Of course, that ridiculous request only prompted a series of questions about the meaning of "later", and thus prolonged my agony. By then, I was hopping and chewing vigorously and mentally cursing all bugs in general and wingy bugs specifically. I squinched up my eyes to the rising pain and continued a little tersely, "What ... bugs ... talk ... about?"
"Umm, um, you know, um, um, they're always bouncing and flying circles around light bulbs," she stumbled along.
Just moments before I was about to lose consciousness, it occurred to me that my daughter was starting to look like a giant bug herself. To her credit, she recognized all the signs of an impending bathroom psychosis and she called her two sisters for help.
So instead of one child with a single question, I was confronted by three budding entomologists crowded into the bathroom with me, peppering me with inane questions about bugs with wings. In other words, I was caught in a swarm of privacy devouring humanoid moths.
All restraint and decorum evaporated when I realized that my need to use the bathroom had finally reached heretofore unknown historic levels, and I blurted out, "They're moths, they must be moths, now get out of this bathroom immediately, or you will all suffer the most severe and profound punishment known to man."

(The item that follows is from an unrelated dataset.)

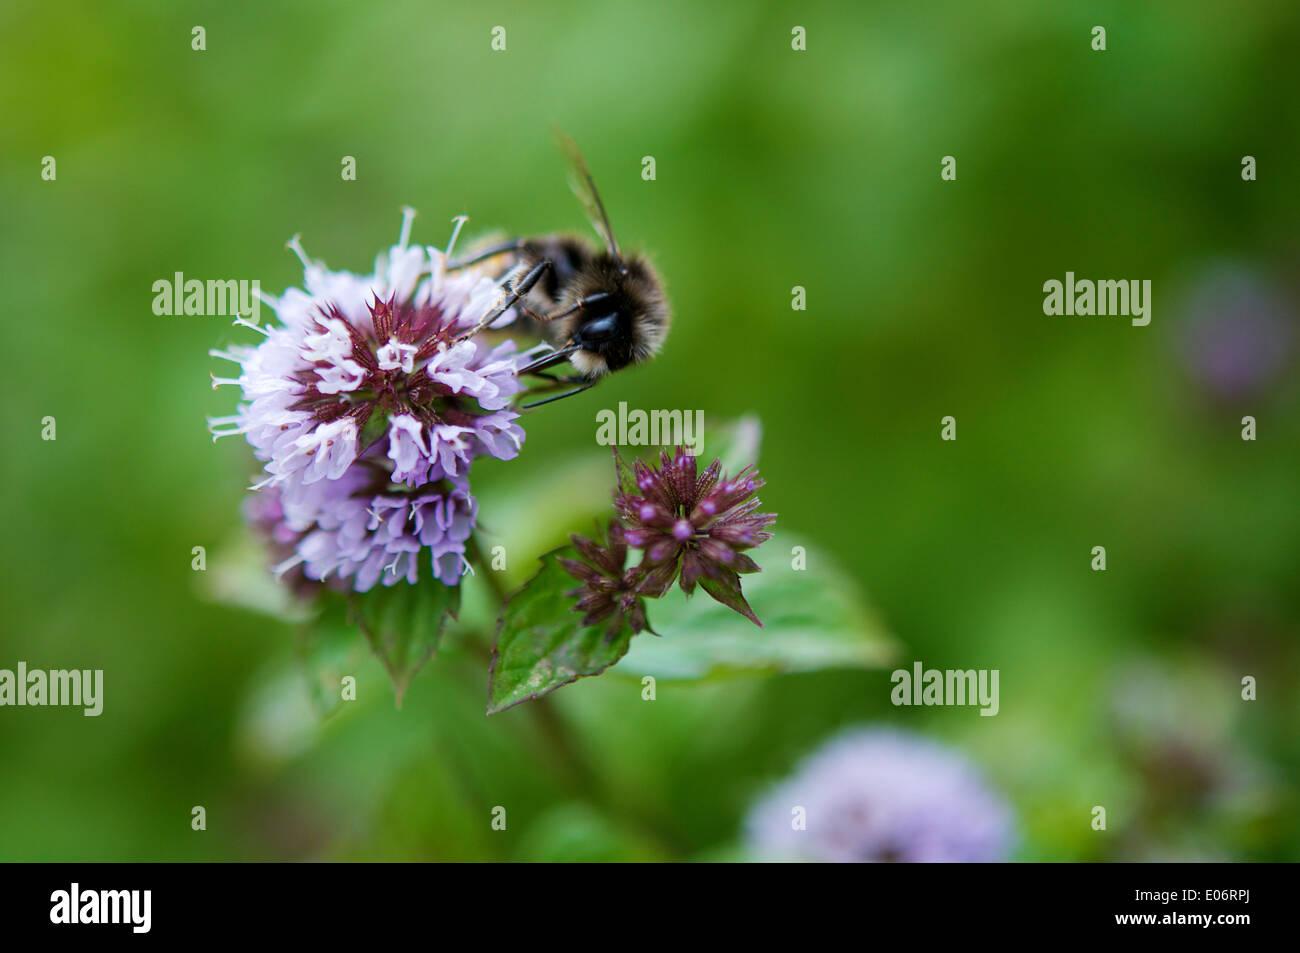 Humilde abeja sobre la flor de una planta Mentha citrata en un jardín en Francia. Imagen De Stock
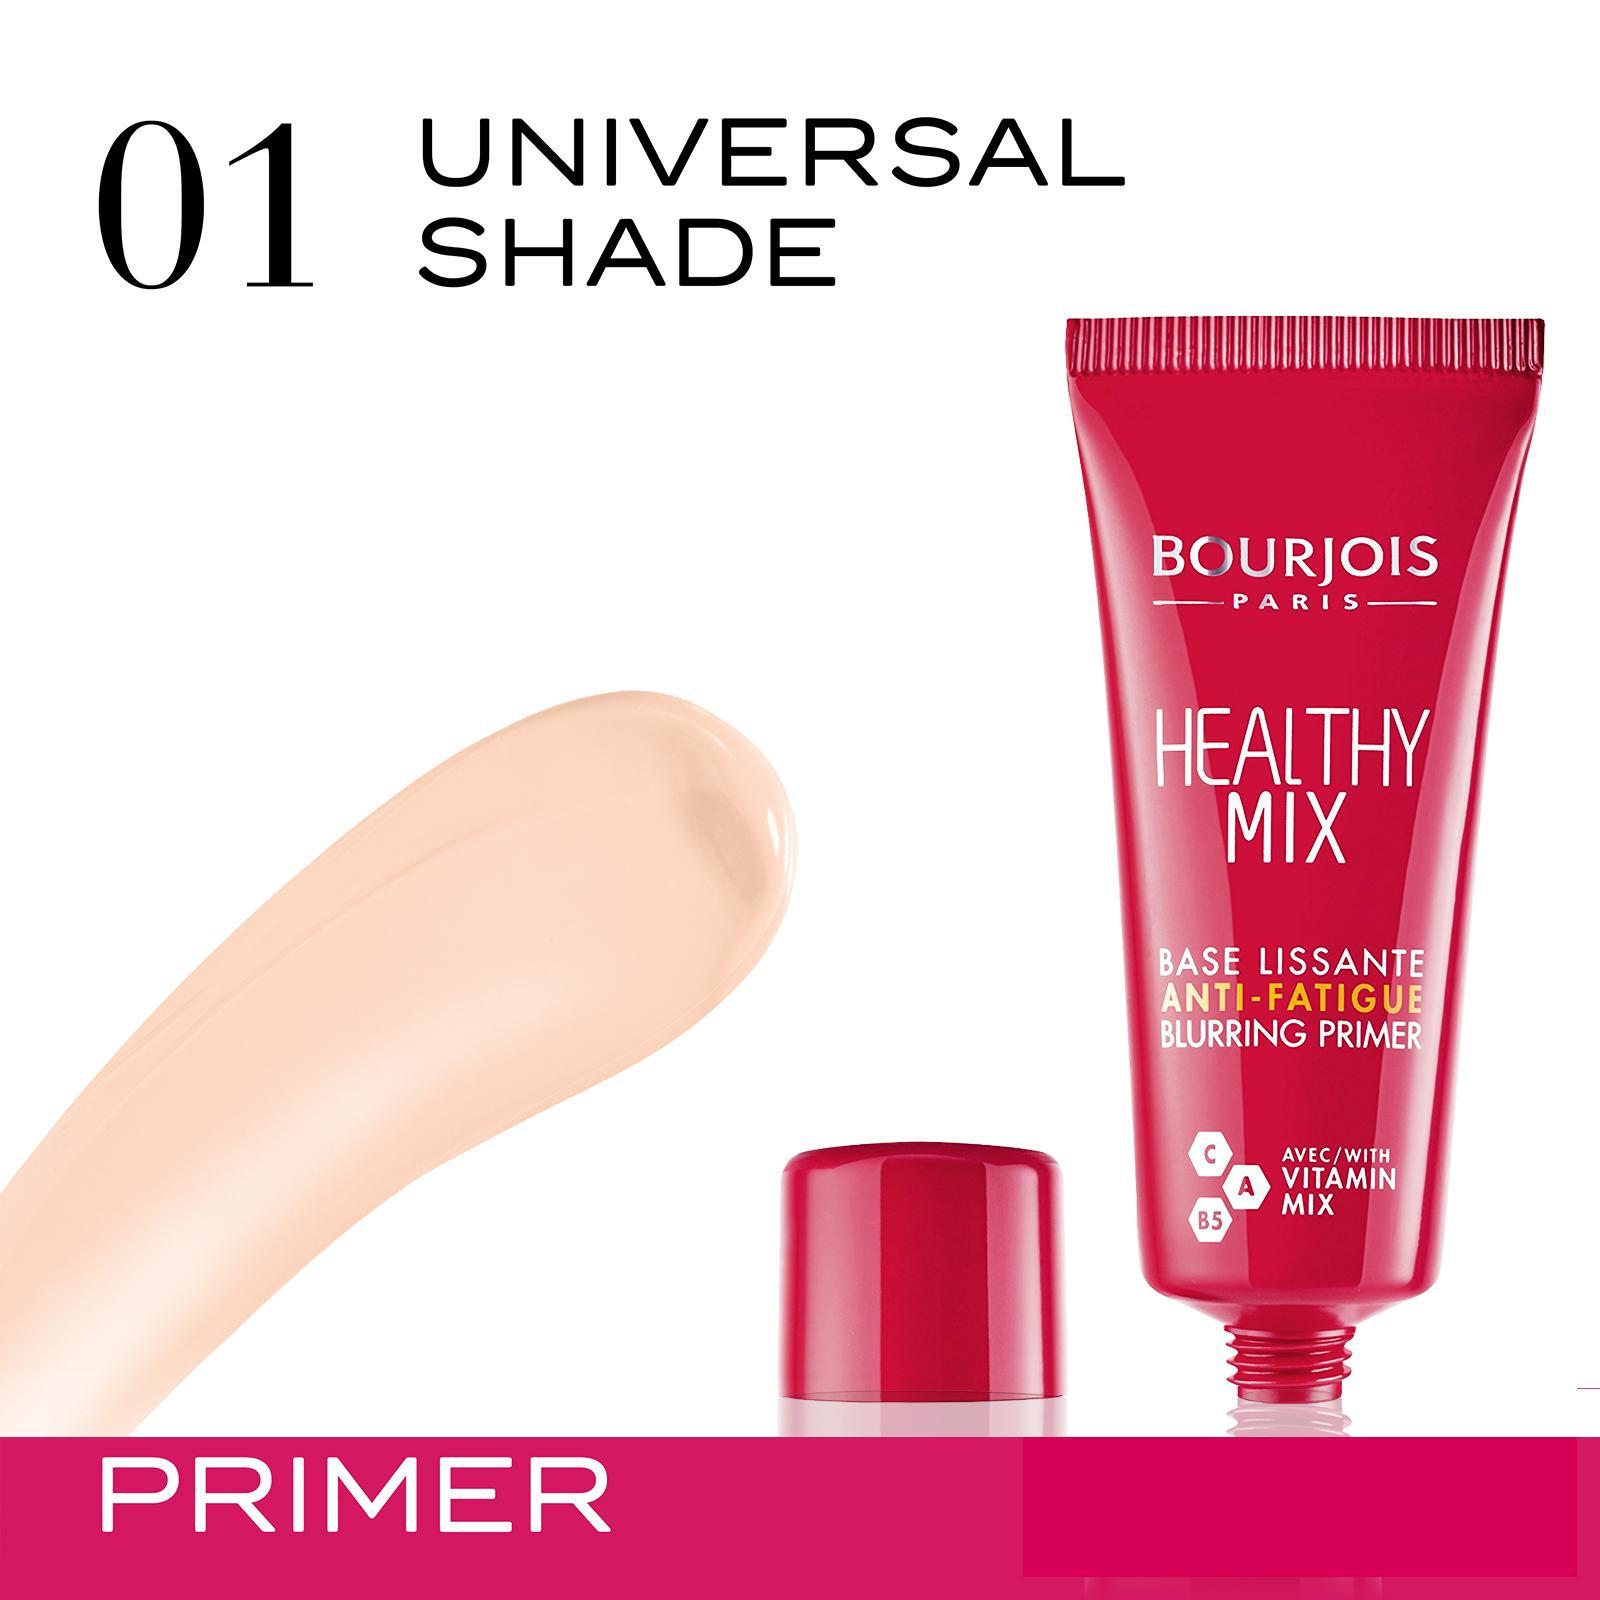 Bourjois Healthy Mix Blurring Primer Antifatigue 00 Universal Shade 20ml By Bourjois.

As I rushed to shut the door, Susanna refused to yield. "But Daddy, why do they they do that?" she yelled through the crack in the door. Unable to communicate, I just howled like a poor wounded animal, cornered and awaiting death. Fortunately, by the time I finished and exited the bathroom, they had moved on to devour their mother.
I wouldn't even think of putting this on my Wish List, but I go through this process every single day of my life and I'm desperate. And for the record, Santa, if I can't get a private moment, I'd be willing to settle for a giant can of bug spray.